I'm running a simulation in which I have many objects that I want to show on the screen and manipulate with. There needs to be a way to identify each object, because they'll be moving from place to place abruptly and I want to be able to track which object moved where.

What I've been thinking is, to every object I'll generate a "personality". A couple of colors, and an english name, and I'll put that as the object representation on the GUI. I figured that a hash function will be used to make these colors and names, but I've never worked with hash functions.

How can I do what I want to do?

+2  A: 

use a uuid (module uuid in python >= 2.5).

This uuid, in version 4, is by definition random on all fields (except one)

>>> uuid.uuid4()
UUID('9d477dc7-a986-4e3d-aa4f-6e57f690be78')

You can decompose the fields properly to create a color or a name (by mapping a bucket of names to a specific field).
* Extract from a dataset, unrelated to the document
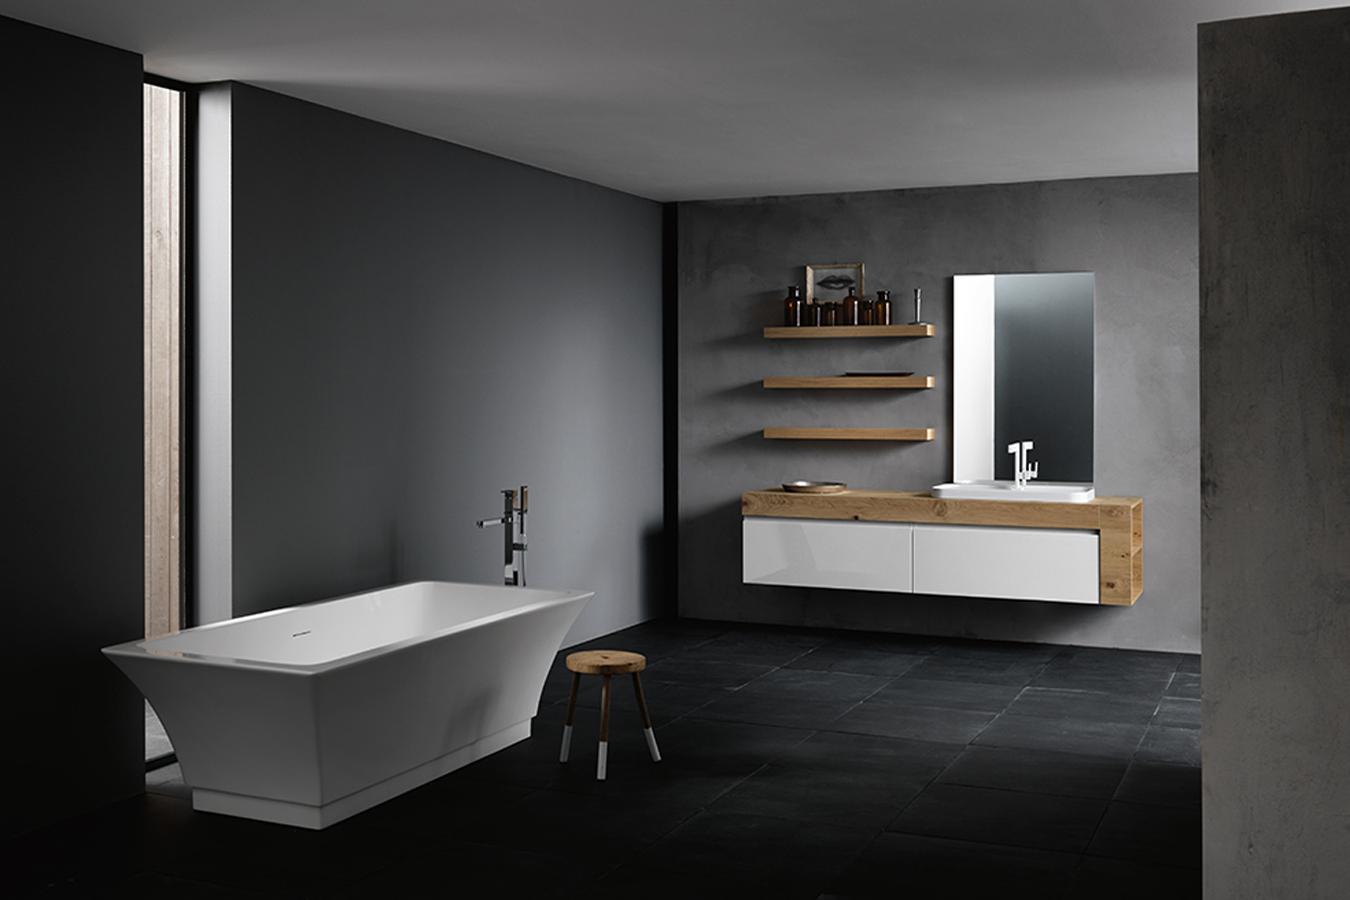 Arredo bagno programma ink righetti mobili novara - Mobili del bagno ...

Of course you are limiting your hash (the real identity is always the uuid) but for visual purposes it's greatly sufficient. For example, you could use the first three octets to generate the color #9d477d, and the remaining octet c7 to pick one name out of a set of 256.
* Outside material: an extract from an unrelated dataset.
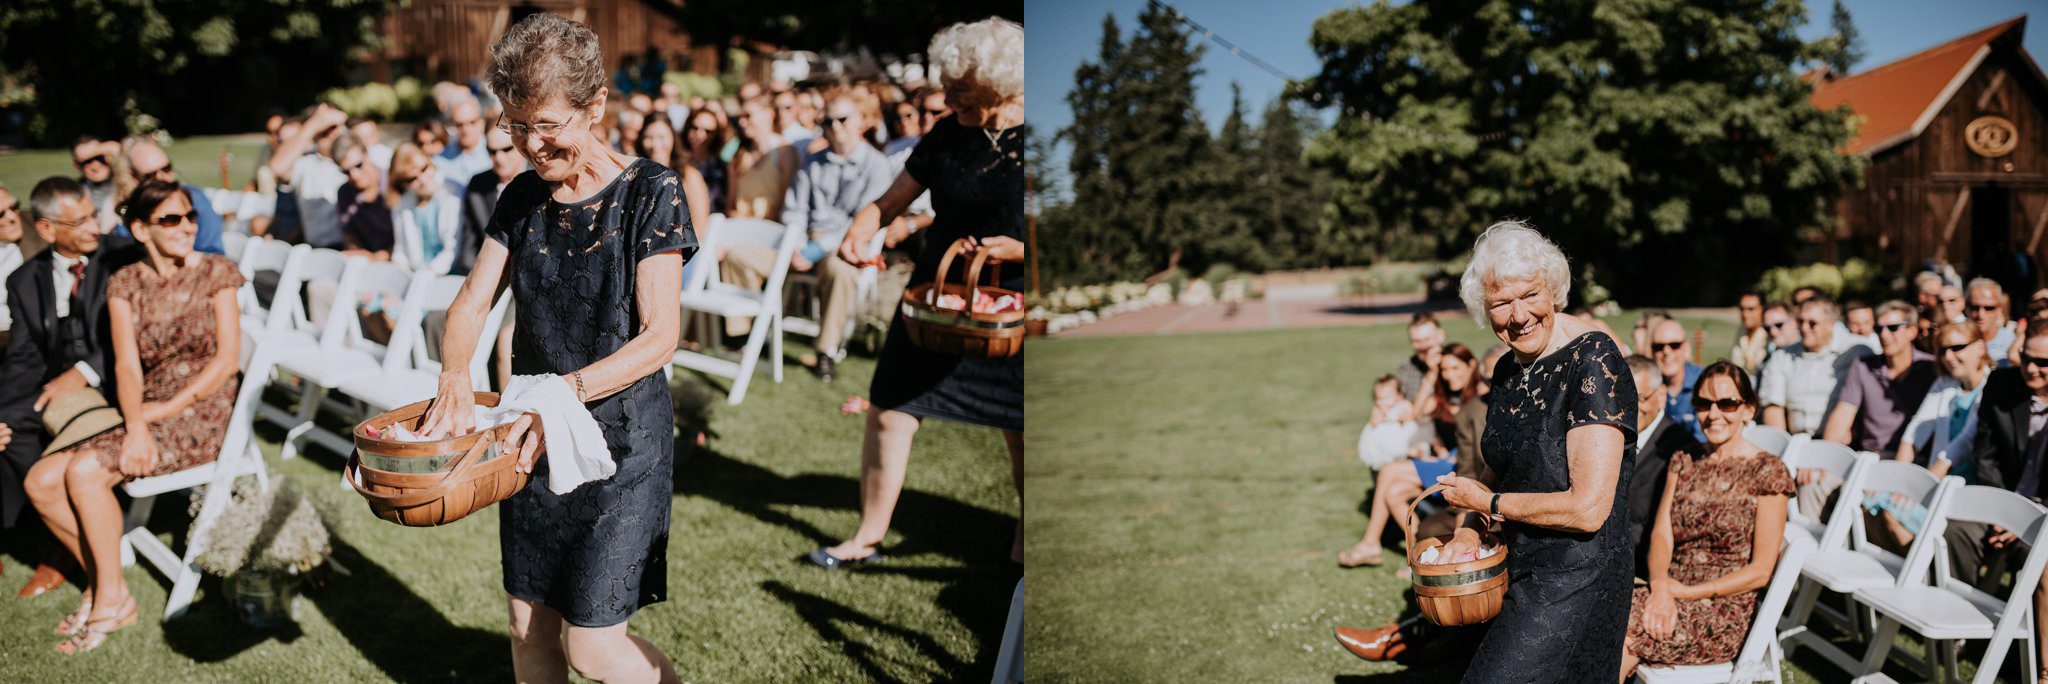 kristen-and-cody-the-kelley-farm-wedding-seattle-photographer-caitlyn-nikula-60.jpg

If you end up with too ugly colors, you can work in HSV instead, and clamp saturation and value to given levels. again, this restricts your hash even more (but the color space is already pretty limited after all).

Stefano Borini
Sounds good. Now, for the names, is there a ready list of english names I could use?
cool-RR
http://www.world-english.org/boys_names_list.htmPlease don't use the algorithm to give a name to your child ;)
Stefano Borini
It will be a bummer to scrape these from the website... is there anywhere an organized list?